Sunday, October 2, 2016

Ken's First Flight (Jakarta-London)

Salah satu hal yang bikin super degdegan sebelum berangkat ke UK, selain nungguin Visa granted dan kepastian akomodasi adalah bayang-bayang berada di pesawat kurang lebih 15 jam bersama dengan Ken. Yes, ini pengalaman pertama Ken naik pesawat dan langsung 15 jam saja. Tarik nafas terus waktu itu ngebayanginnya. Kebayang Ken yang lagi seneng-senengnya jalan dan mulai bisa ngomong, plus waktu itu, yang nggak doyan makan--harus duduk di pesawat selama belasan jam.

Sebegitu menyeramkan kah? Yang pasti, sempat frustrasi juga ngeliat layar yang nunjukkin lama perjalanan kita--*apa sih nama layarnya?* Perasaan udah dua jam, tapi kok majunya dikit banget~ Kenapa? Soalnya saya pegel mangku Ken yang lagi tidur karena gagal pakai bassinet *cry*

Tapi eh tapi... Ternyata nggak semenyeramkan itu lho. Seenggaknya untuk Ken kemarin yang, alhamdulillaah, banyak tidurnya selama perjalanan. Setengah perjalanan ke Singapur, doi tidur. Setengah perjalanan ke London, doi tidur lagi. Sungguh pengertian sekali anak ini, ibu bangga, hahaha. Udah gitu aja ceritanya.

****

Hehehe, nggak deng. Sekarang kita cerita-cerita aja hal yang saya pelajari dari pengalaman bawa anak (atau toddler sih lebih tepatnya), di long-haul flight. Persiapan-persiapannya, pelajaran dari kesalahannya, dsb. Mumpung masih ingat.


1.   Sounding ke Anak 
Ini penting karena anak mengerti. Sedari beberapa bulan sebelumnya. Kami sudah sounding ke Ken kalau nanti kita akan naik pesawat dengan waktu yang lama. Minta dia untuk mengerti selama perjalanan, tidak bisa jalan mondar-mandir kesana kemari, jadi harus duduk anteng. Kalau tidur juga nggak bisa senyaman di tempat tidur. Nggak banyak yang dilihat lewat jendela. Pokoknya kasih tahu kira-kira kondisi di pesawat nanti bagaimana. Saya merasa cara ini berhasil sih. Terbukti, Ken yang super aktif, yang biasanya maunya jalan-jalan terus, selama perjalanan bahkan nggak merengek minta jalan. Paling berdiri di depan kursi aja. 

Ken tidur nggak lama setelah naik pesawat menuju Singapore

2.   Cek Kapasitas Baby Bassinet
Kalau ini belajar dari kesalahan kami.

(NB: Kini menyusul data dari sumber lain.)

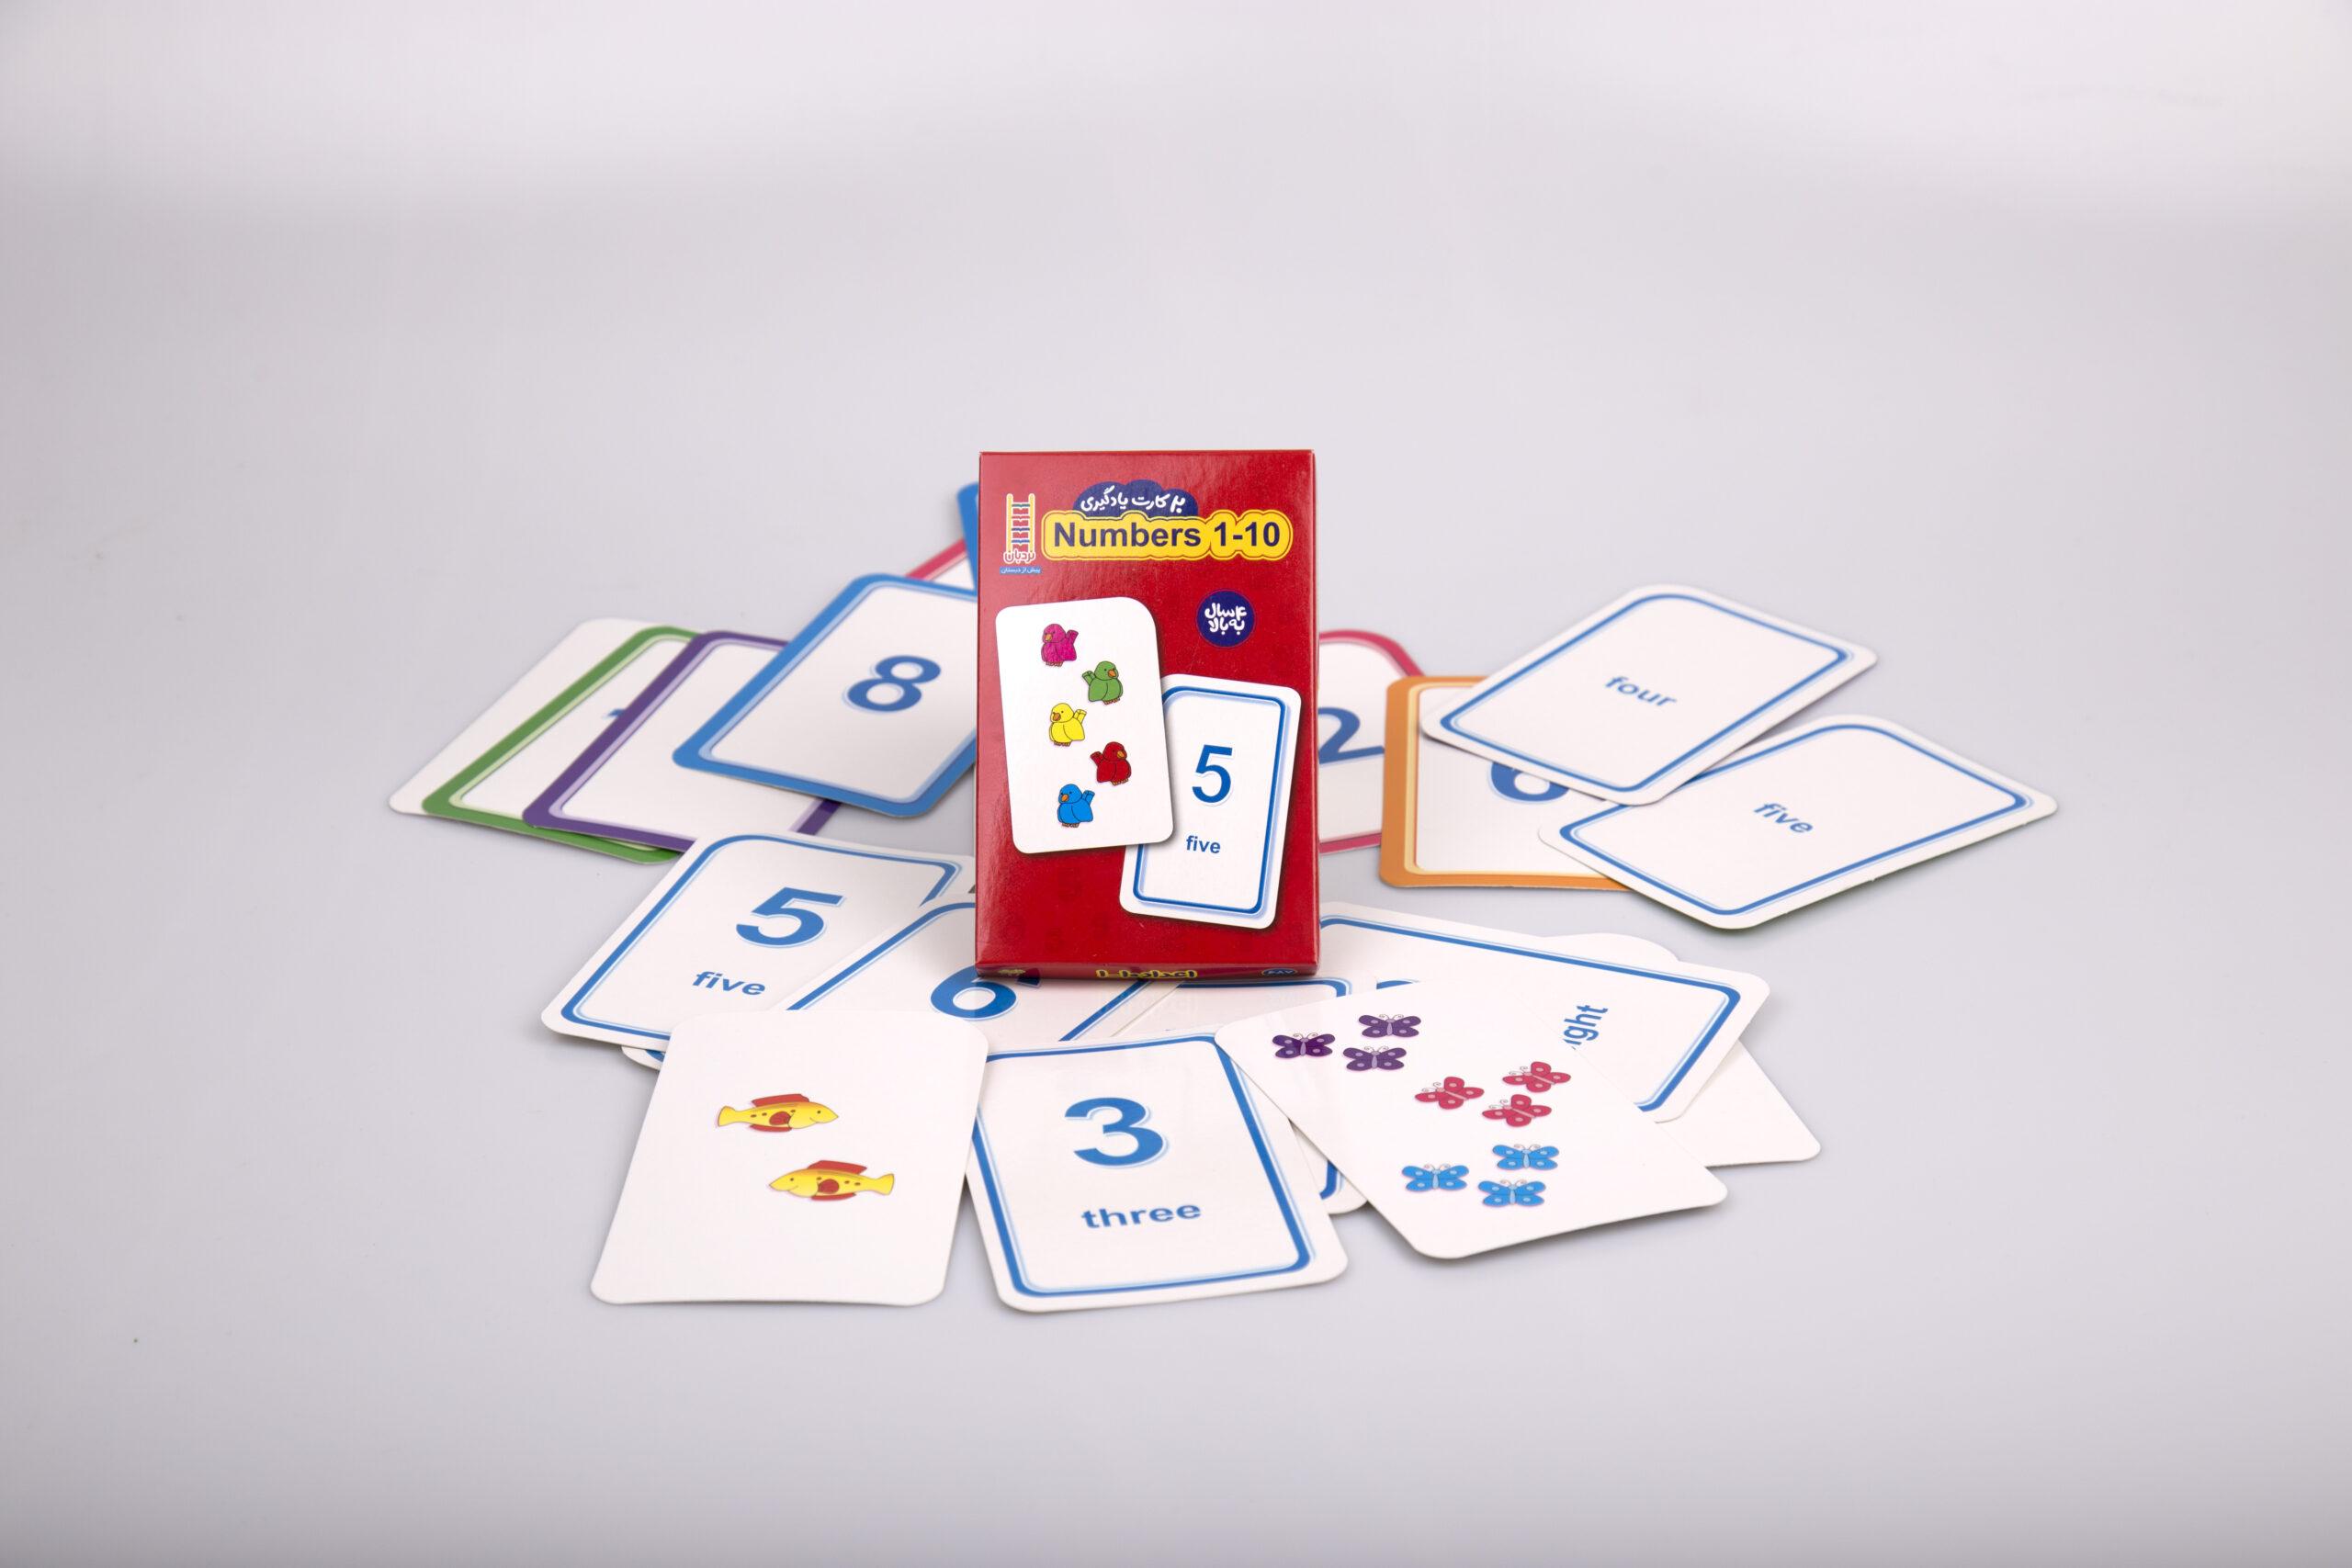 فلش کارت Numbers 1-10

Entah dapat informasi dari mana yang menyebutkan kalau bassinet di Garuda Indonesia kapasitasnya 14 kilo. Waktu itu, kita berpikir, aman lah... Ken BB belum sampe 14 kilo kok. Ternyataaaa ketika sudah di pesawat, pas mau dipasang sama pramugarinya, saya tanya dulu itu kapasitasnya sampai berapa kilo, karena kelihatan kecil sekali dan kurang kokoh. Nanti roboh lagi kalau Ken naik. Benar, ternyata kapasitasnya max. 8 kilo saja. Alhasil, bassinetnya nggak jadi di pasang. Saya pun langsung pucat karena membayangkan harus memangku Ken belasan jam, hehehe... Sebaiknya, sebelum itu cek langsung ke maskapai ya soal kapasitas baby bassinet ini, terutama kalau jadi alasan untuk pilih maskapai karena bisa jadi berbeda tiap maskapainya. Padahal kami udah bela-belain pesan kursi di depan demi bisa pakai baby bassinet lho.

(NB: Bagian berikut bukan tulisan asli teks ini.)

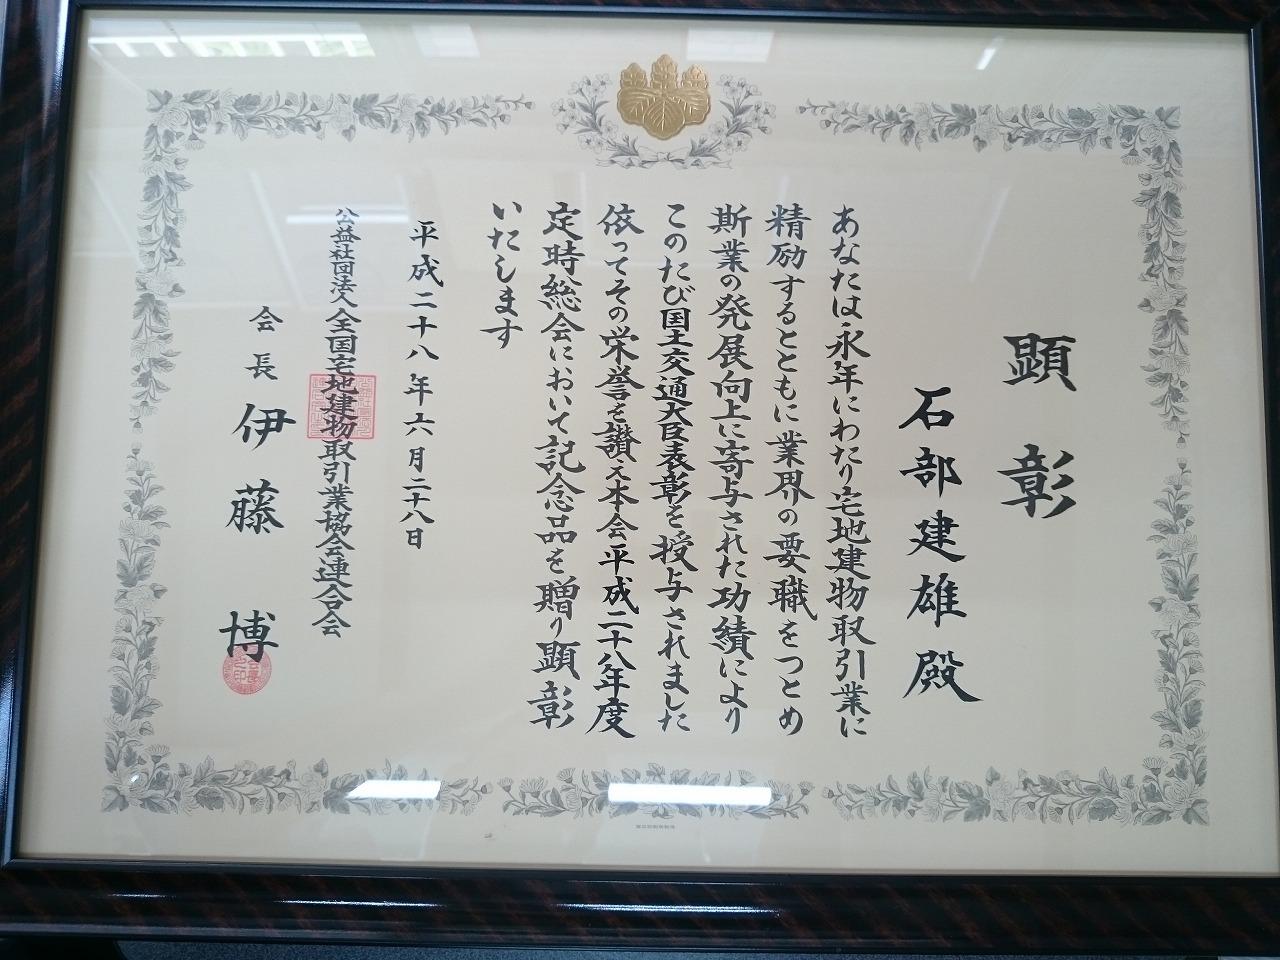 平成28年 全国宅地建物取引業協会連合会顕彰

3.   Dapatkan Kursi di Bulk-Head
Kenapa dapatkan? Kursi ini bisa didapatkan secara gratis kalau otomatis by system waktu kita check-in. Tapi, kalau kita pesan sebelum waktu check-in, ya bayar. Kami sudah pesan baby bassinet via call center 2 hari sebelum keberangkatan, saya otomatis dapat kursi di bulk-head. Suami? Masih nggak tahu nasibnya duduk dimana karena ternyata jatah bulk-head udah abis di city check-in dan web check-in (Oiya, kalau bawa bayi, aturannya nggak bisa city/web chec-in). Jadi, mau nggak mau pilihannya kita check-in duluan di bandara atau beli kursi. Iya, kena charge karena kelasnya beda (extra legs room). Biar nggak gambling, akhirnya kami pun rela bayar extra charge 700rb Rupiah di sales office Garuda Indonesia. Worth it, nggak? Banget. Legs Room yang cukup luas jadi salah satu senjata kami kalau Ken sudah mulai bosan duduk. Dia bisa berdiri atau duduk di sana. Kami pun jadi lebih tidak capek karena kaki bisa selonjoran. Buat kami, poin ini mengurangi rasa lelah dan kewalahan bawa anak. Meski gagal pakai baby bassinet, nggak apa deh.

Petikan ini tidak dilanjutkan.